Dispute Between Business Partners Ends In Dissolution and Double Damages Under Connecticut Wage Act

In Saunders v. Firtel, a decision to be officially released on September 22, 2009, the Connecticut Supreme Court upheld an award of double damages under Connecticut’s wage and hour laws in what amounted to a dispute between two business partners, Barry Saunders and Burton Firtel.  The supreme court also upheld judicial dissolution of a company owned by the partners.  The case highlights the complications that can arise between partners when one partner is also an employee in the business.  

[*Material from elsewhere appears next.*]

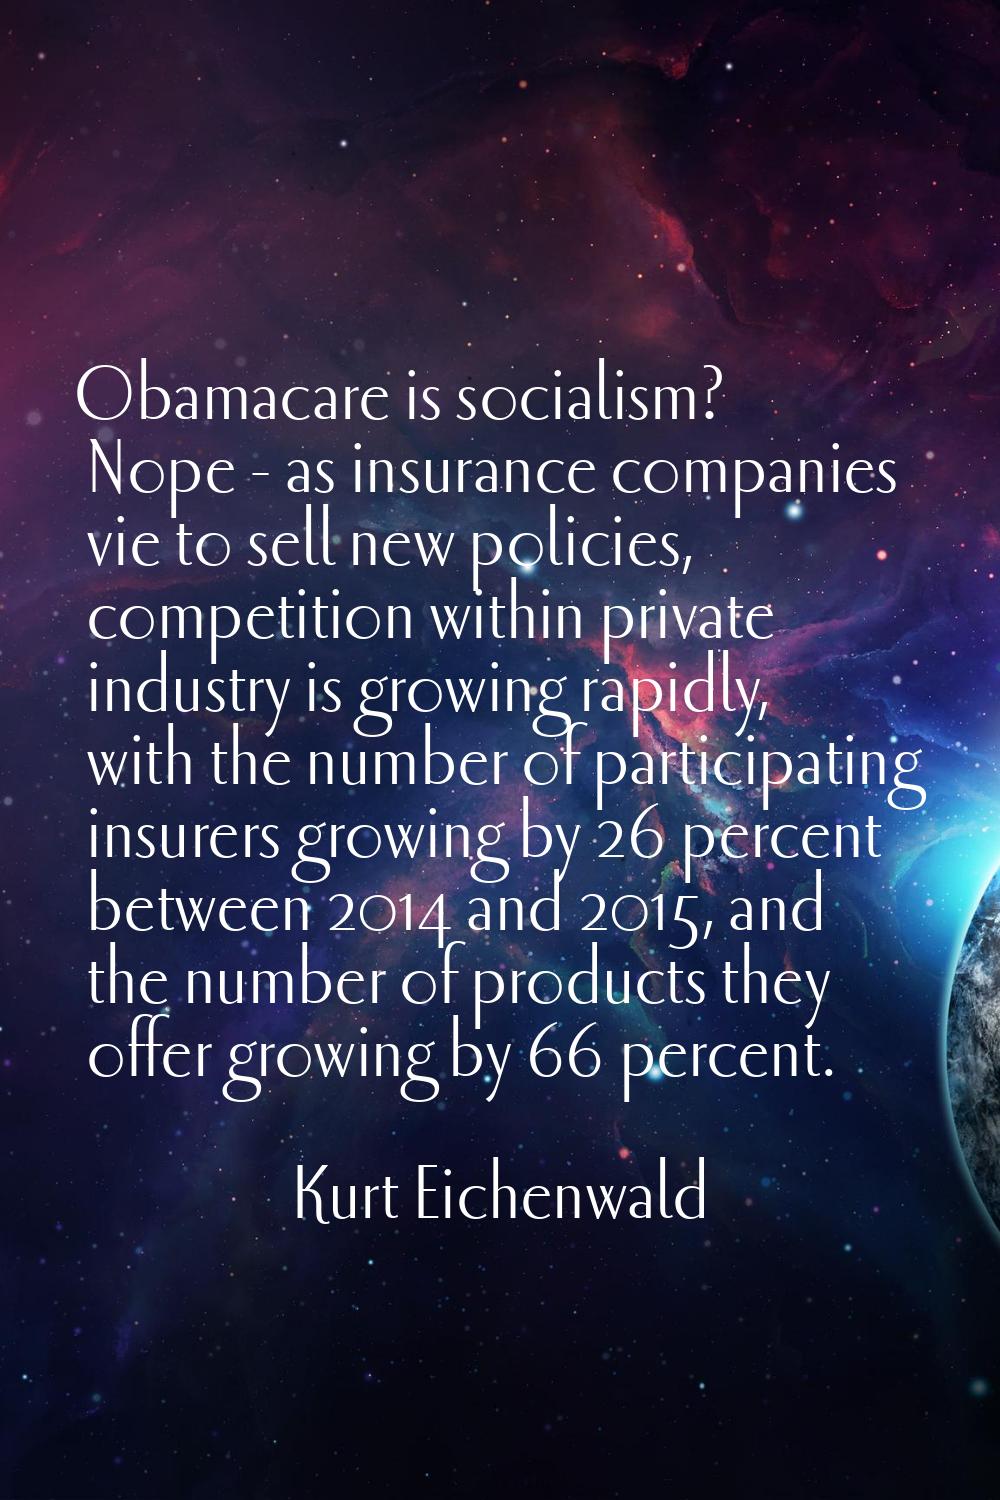 Obamacare is socialism? Nope - as insurance companies vie to sell new policies, competition within 
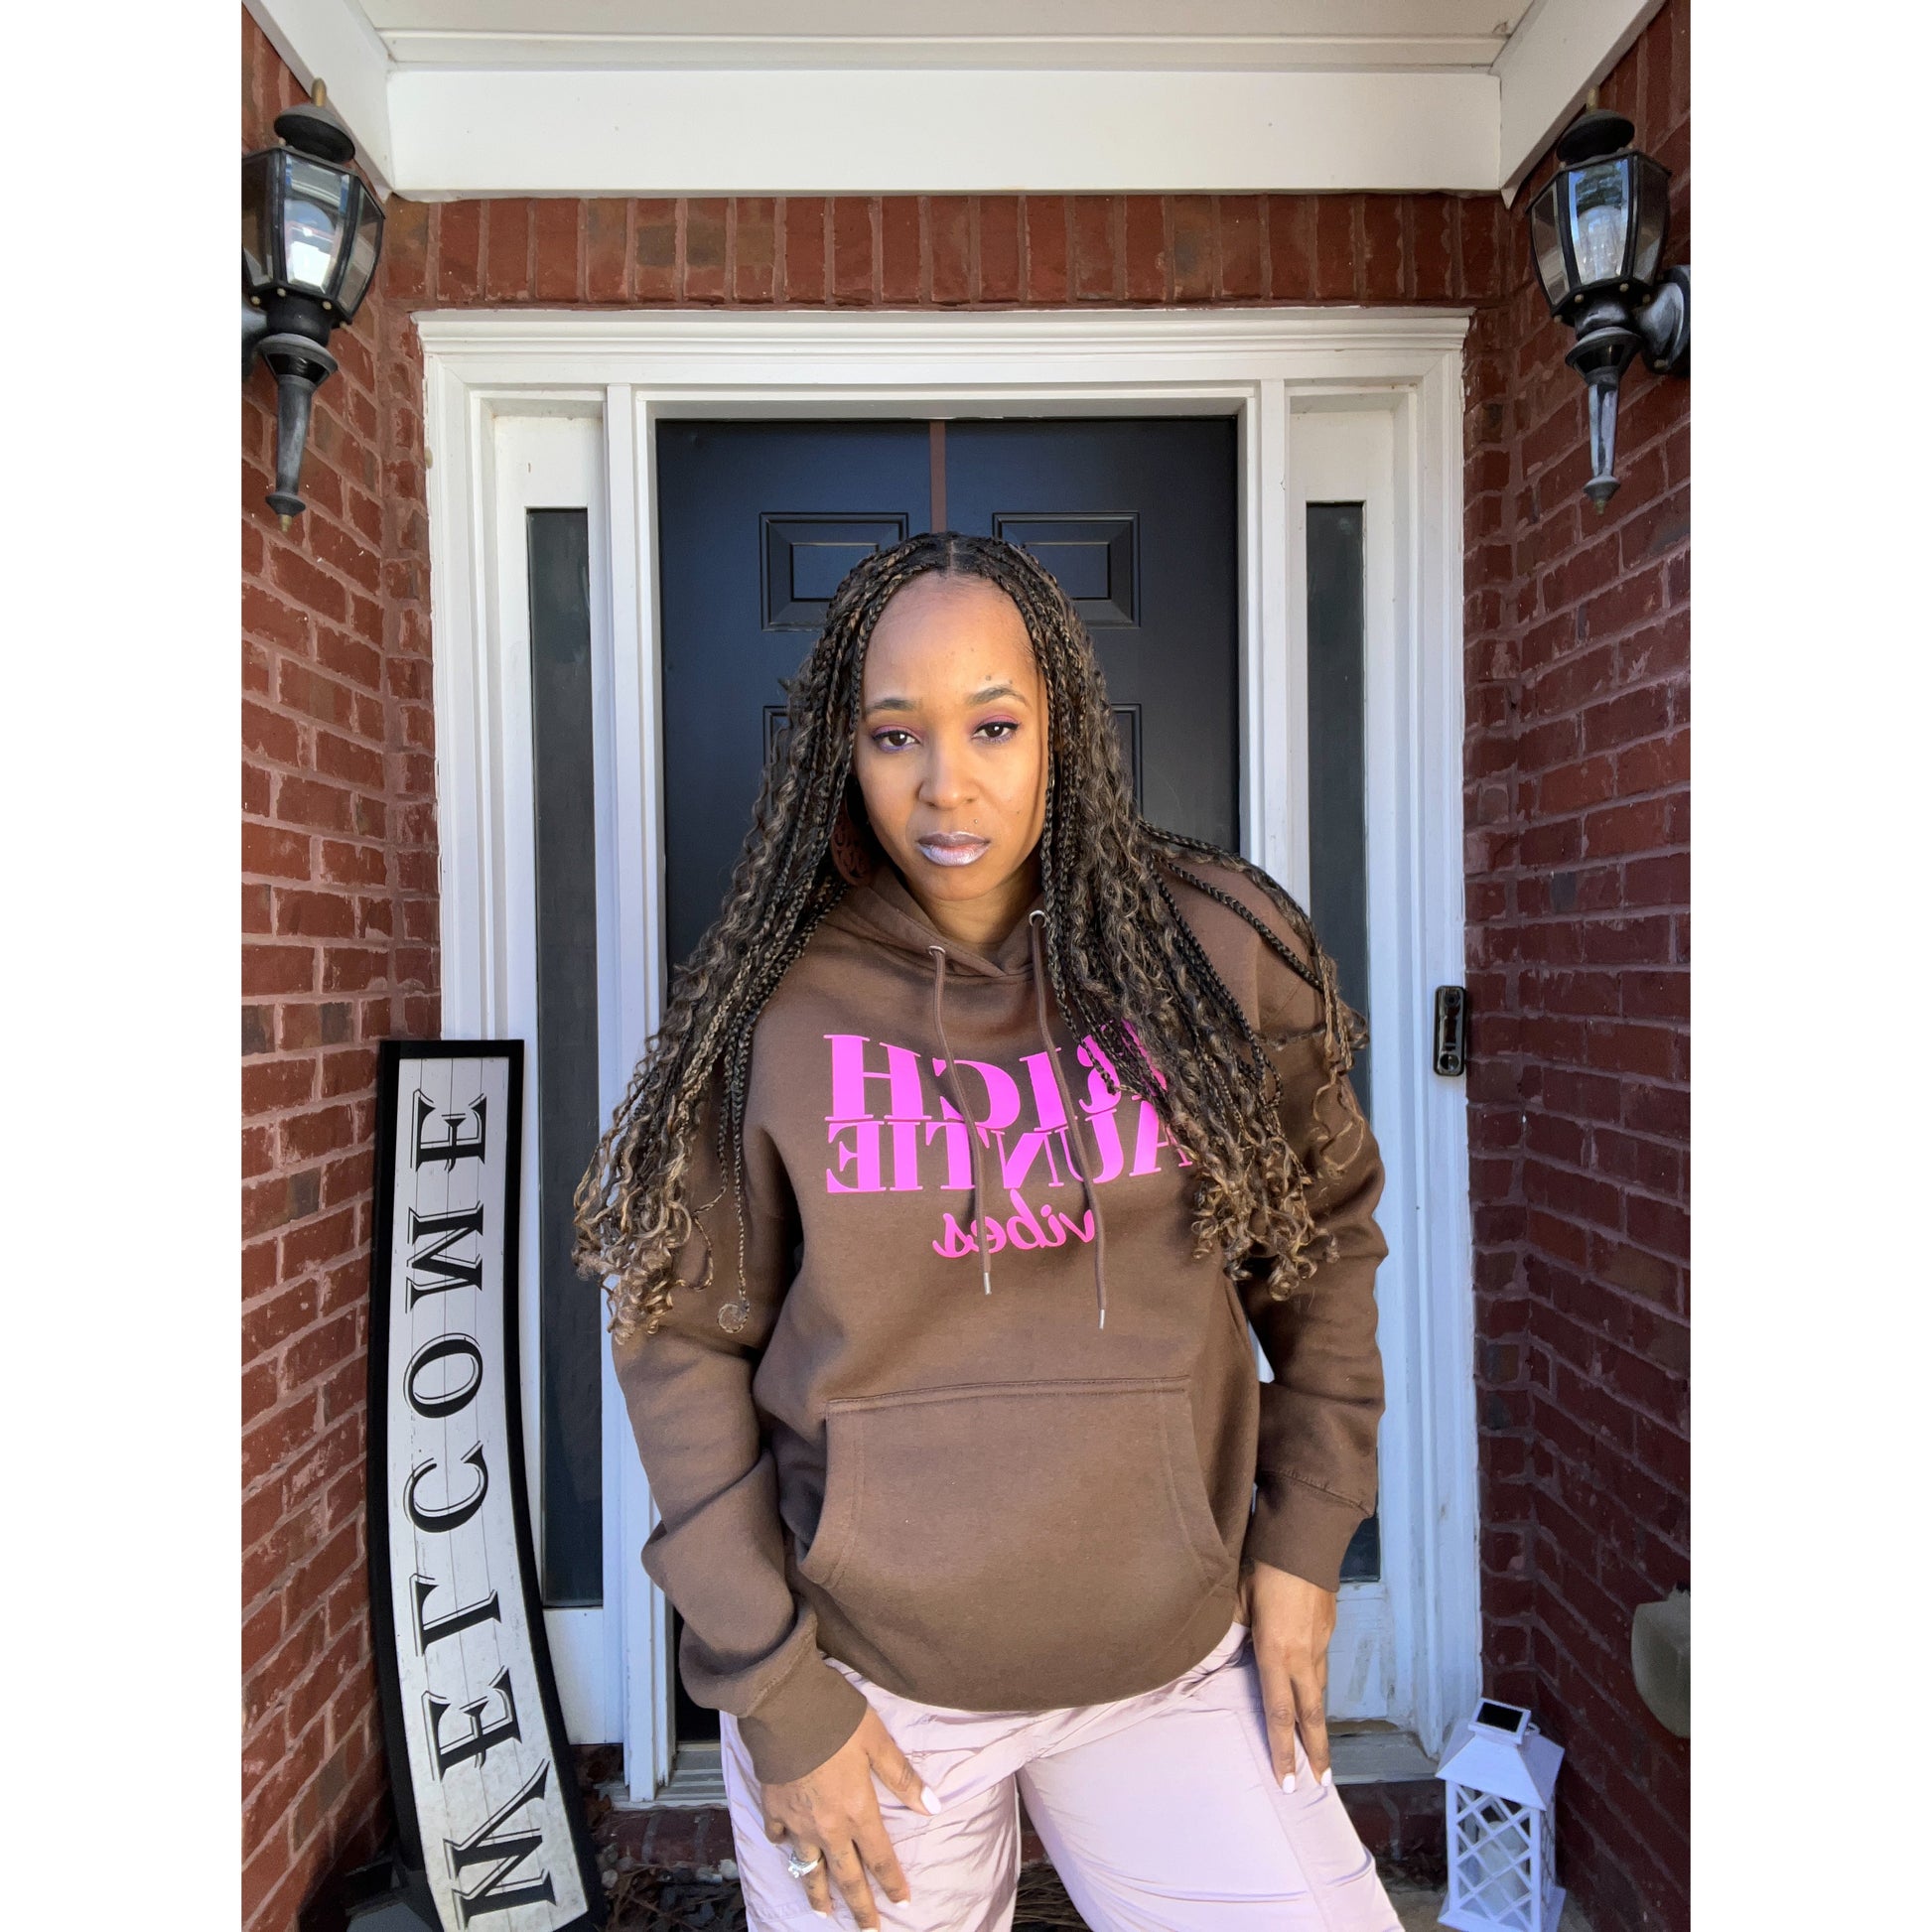 Rich Auntie Vibes Sweatshirt in Brown and Pink

In this case, Saunders became part owner of a company that Firtel previously formed by himself.  Saunders also became an employee of the company as part of a larger business relationship.  This is not an uncommon arrangement in business, especially when a small business is purchased by a larger company.    Saunders and Firtel also formed another limited liability company together as equal owners. The business relationship was documented with an operational agreement. 

Although the partners successfully operated the business for years, a dispute arose out of unpaid wages after Saunders unsuccessfully tried to change the compensation structure of the business relationship.  In response, Firtel fired Saunders.  Saunders brought a lawsuit in Connecticut state court for unpaid wages claiming he was an employee.  He also sought to dissolve the limited liability company formed with Firtel. 

A few months ago, Connecticut’s wage and hour laws were in the national spotlight because of the scandal with AIG’s bonus plan for its employees in Wilton, Connecticut.    AIG claimed that it had to pay the bonuses because it feared double damages under Connecticut’s wage and hour laws.  In this instance, Saunders brought his case in court relying on the same provisions that AIG feared. 

Connecticut’s unpaid wage law, General Statutes section 31-72 ,provides that:

When any employer fails to pay an employee wages . . . the employee may recover, in a civil action, twice the full amount of such wages, with costs and such reasonable attorney’s fees as may be allowed by the court . . 

To recover double damages, although not mentioned in the statute, courts require a finding of bad faith, arbitrariness, and unreasonableness by the employer.  In Saunders’ case, he won because the trial court found that the failure to pay was willful.  What might seem strange about the case is that Saunders was not only an employee, but he was also a 49% stockholder and an officer in the company he sued to obtain double damages.  Firtel was a 51% owner, and the President. 

Dan Schwartz’s Employment Law Blog has a nice summary of the supreme court’s treatment of how Saunders qualified as an employee as well as the implication of the decision on employers.  I tend to agree with Dan that there is no significant impact on employers because if wages are earned, the wages should be paid regardless of the business relationship.

I think the case does highlight important considerations for business partners.  The case demonstrates how a breakdown in the relationship between two business partners can turn into a dispute where one partner effectively ends up in the shoes of the employer subject to wage and hour laws.  This was probably not intended and it is unlikely that Saunders and Firtel viewed themselves as employee and employer.  In fact, they appeared to be nearly equal partners.

The case is also another example of a once successful business partnership ending in arguments over compensation and written agreements.  It further shows that dissolution of a company is another judicial remedy, along with disassociation and expulsion in partnerships, for a company that can no longer operate in a practical manner.